結果は実際に流したものです。同じ SQL を 自由に打てる画面 で試すと、同じ結果になります。

日付を決まった形の文字列にする
SELECT juchu_id, juchu_on, TO_CHAR(juchu_on, 'YYYY/MM/DD') AS surasshu, TO_CHAR(juchu_on, 'YYYY-MM') AS nengetsu FROM juchu ORDER BY juchu_id
juchu_idjuchu_onsurasshunengetsu
10012025-11-052025/11/052025-11
10022025-11-182025/11/182025-11
10032025-12-022025/12/022025-12
10042025-12-092025/12/092025-12
10052025-12-242025/12/242025-12
10062026-01-072026/01/072026-01
10072026-01-212026/01/212026-01
10082026-02-032026/02/032026-02

10(うち 8 行を表示)

年月だけに削ると、月ごとに集計するときのキーとして使えます。

MM と MI を取り違えても、エラーにならない
SELECT TO_CHAR(DATE '2026-02-03', 'YYYY-MM-DD') AS tsuki, TO_CHAR(TIMESTAMP '2026-02-03 04:05:06', 'YYYY-MI-DD') AS fun
tsukifun
2026-02-032026-05-03

1

2 つ目は月の位置に分の 05 が入っています。エラーも警告も出ません。

数値の桁区切りと、先頭に入る空白
SELECT shohin_name, REPLACE(TO_CHAR(price, '999,999'), ' ', '_') AS kugiri, LENGTH(TO_CHAR(price, '999,999')) AS mojisu, TO_CHAR(price, 'FM999,999') AS fm FROM shohin ORDER BY shohin_id
shohin_namekugirimojisufm
ノート_____1808180
ボールペン_____1208120
付箋_____2508250
デスクチェア__24,800824,800
書棚__18,500818,500
デスクライト___4,20084,200
キーボード___8,90088,900

7

空白は画面では見えないので、左の列だけ空白を _ に置き換えてあります。180 の前に空白が 5 個入って 8 文字になっているのが数えられます。右の列は FM を付けたので埋めていません。

曜日や月名も空白で埋められる
SELECT DISTINCT REPLACE(TO_CHAR(juchu_on, 'Day'), ' ', '_') AS youbi, LENGTH(TO_CHAR(juchu_on, 'Day')) AS mojisu, TO_CHAR(juchu_on, 'FMDay') AS fm_youbi FROM juchu ORDER BY 1
youbimojisufm_youbi
Friday___9Friday
Saturday_9Saturday
Tuesday__9Tuesday
Wednesday9Wednesday

4

ここでも空白を _ に置き換えてあります。いちばん長い Wednesday に合わせて 9 文字にそろえられ、短い曜日ほど後ろに空白が付きます。

説明

TO_CHAR は日付や数値を、書式を指定して文字列に変える関数です。画面や帳票に出す形(2025/11/0524,800)を作るときに使います。

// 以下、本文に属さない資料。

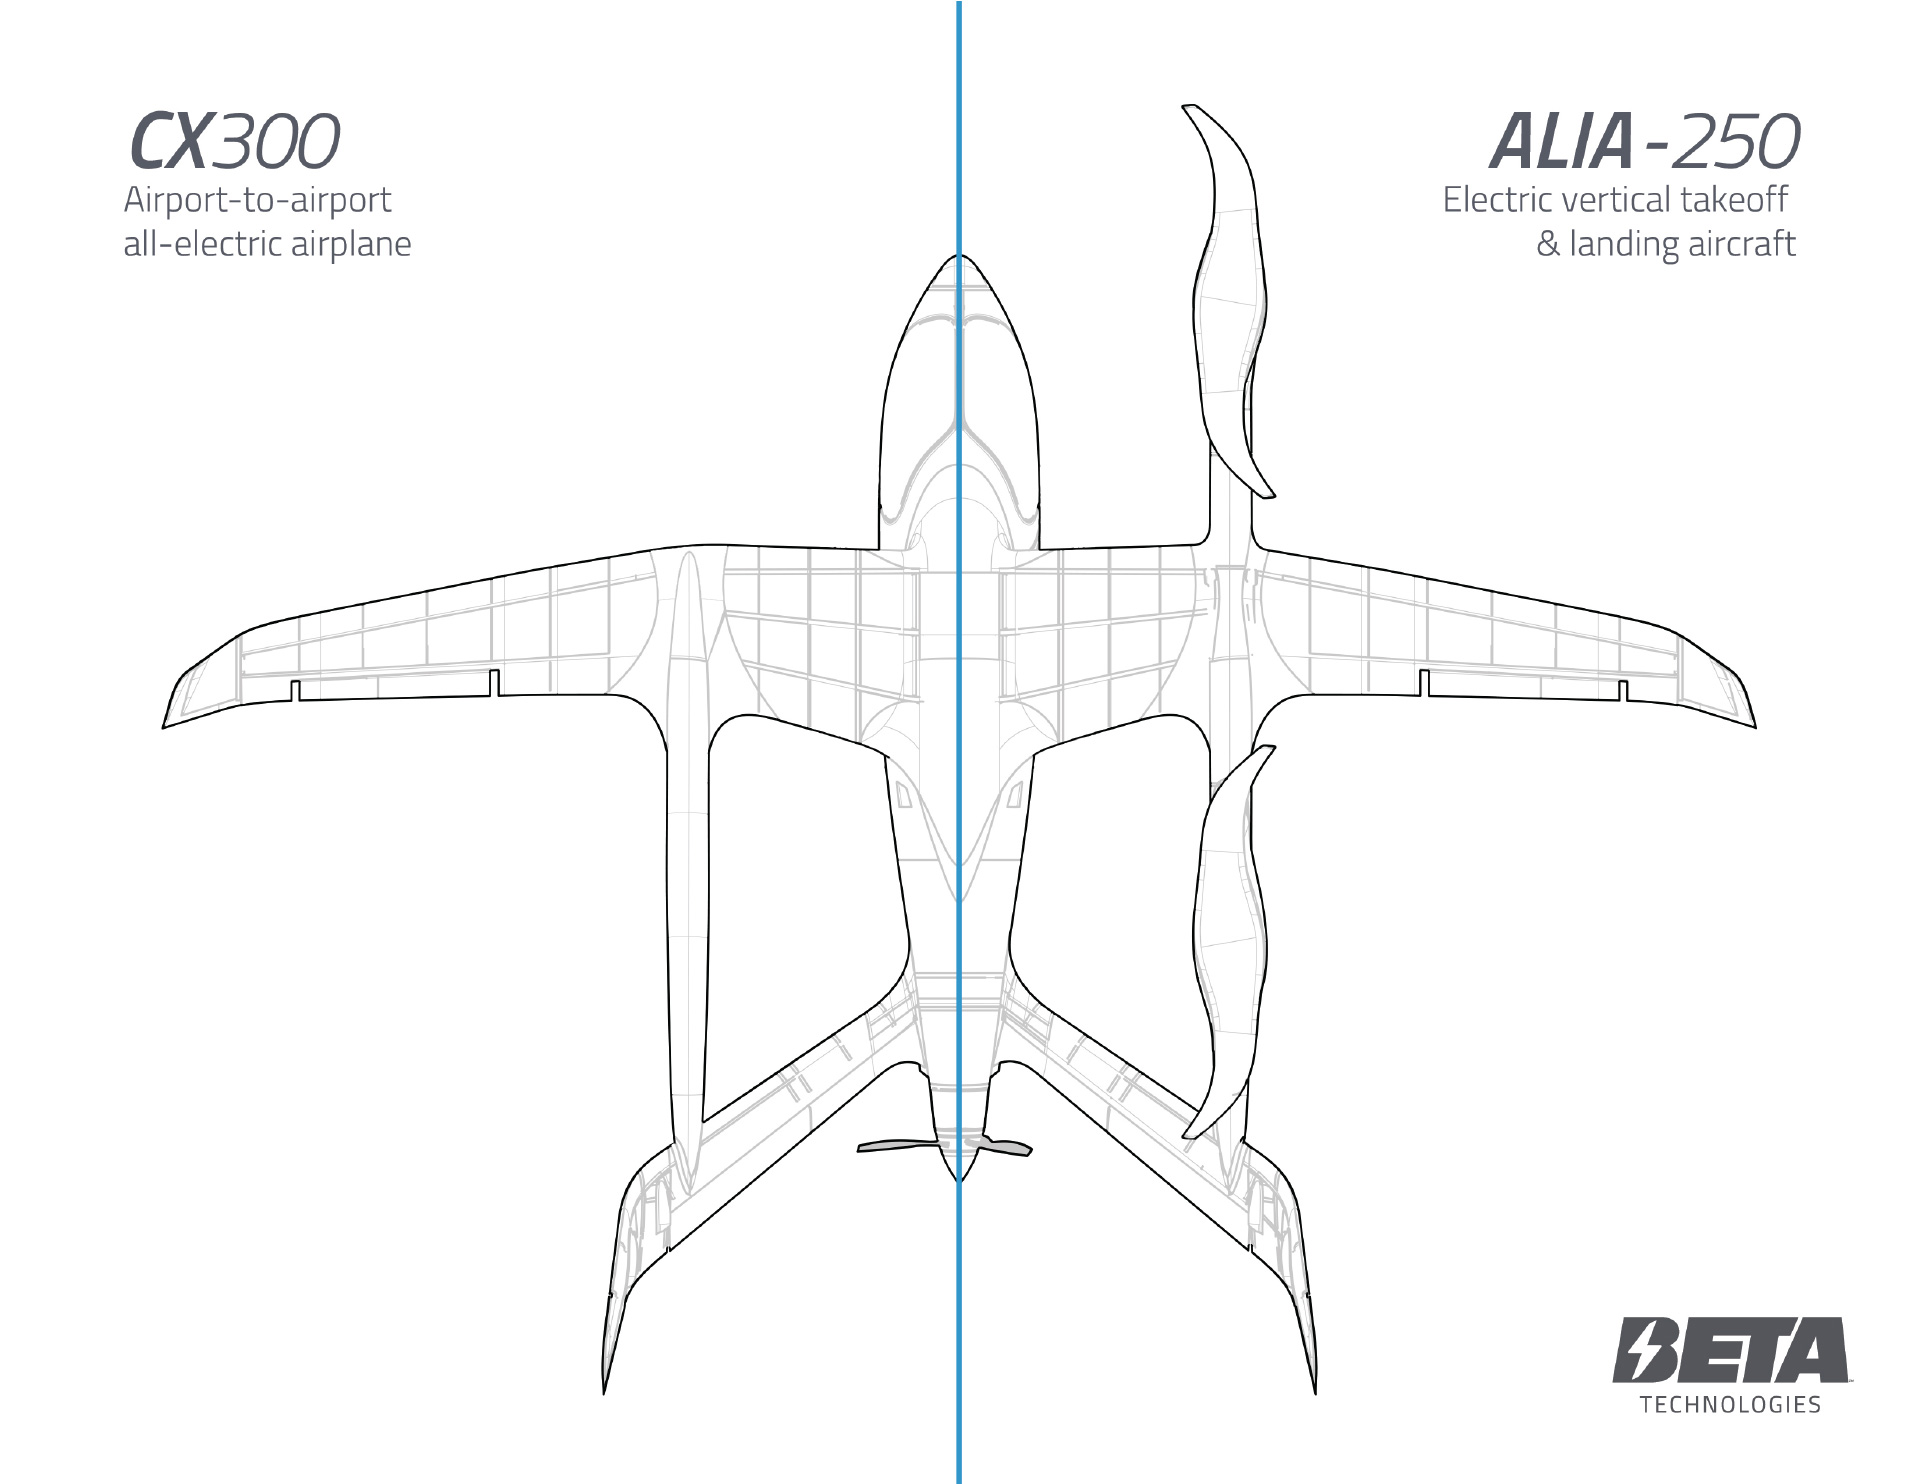 ALIA CTOL モデルと VTOL モデルの違いを示す図

⚠️ 書式は綴りで意味が変わり、間違えてもエラーになりません。 取り違えやすいのが MM(月)と MI(分)です。YYYY-MI-DD と書くと、月の位置にが入った文字列が黙って返ります。動くので、目で結果を見るまで気づけません。

⚠️ 数値の書式は、符号のぶんだけ先頭に空白が入ります。 TO_CHAR(180, '999,999') は 3 文字ではなく 8 文字で、前に空白が 5 個あります。桁をそろえたいときは便利ですが、そのまま文章に混ぜると余白として見えます。外すには書式の先頭に FM を付けます。

日付側にも同じ話があり、Day(曜日)や Month(月名)はいちばん長い綴りの幅まで空白で埋められます。ここでも FMDay のように FM を付けると埋めません。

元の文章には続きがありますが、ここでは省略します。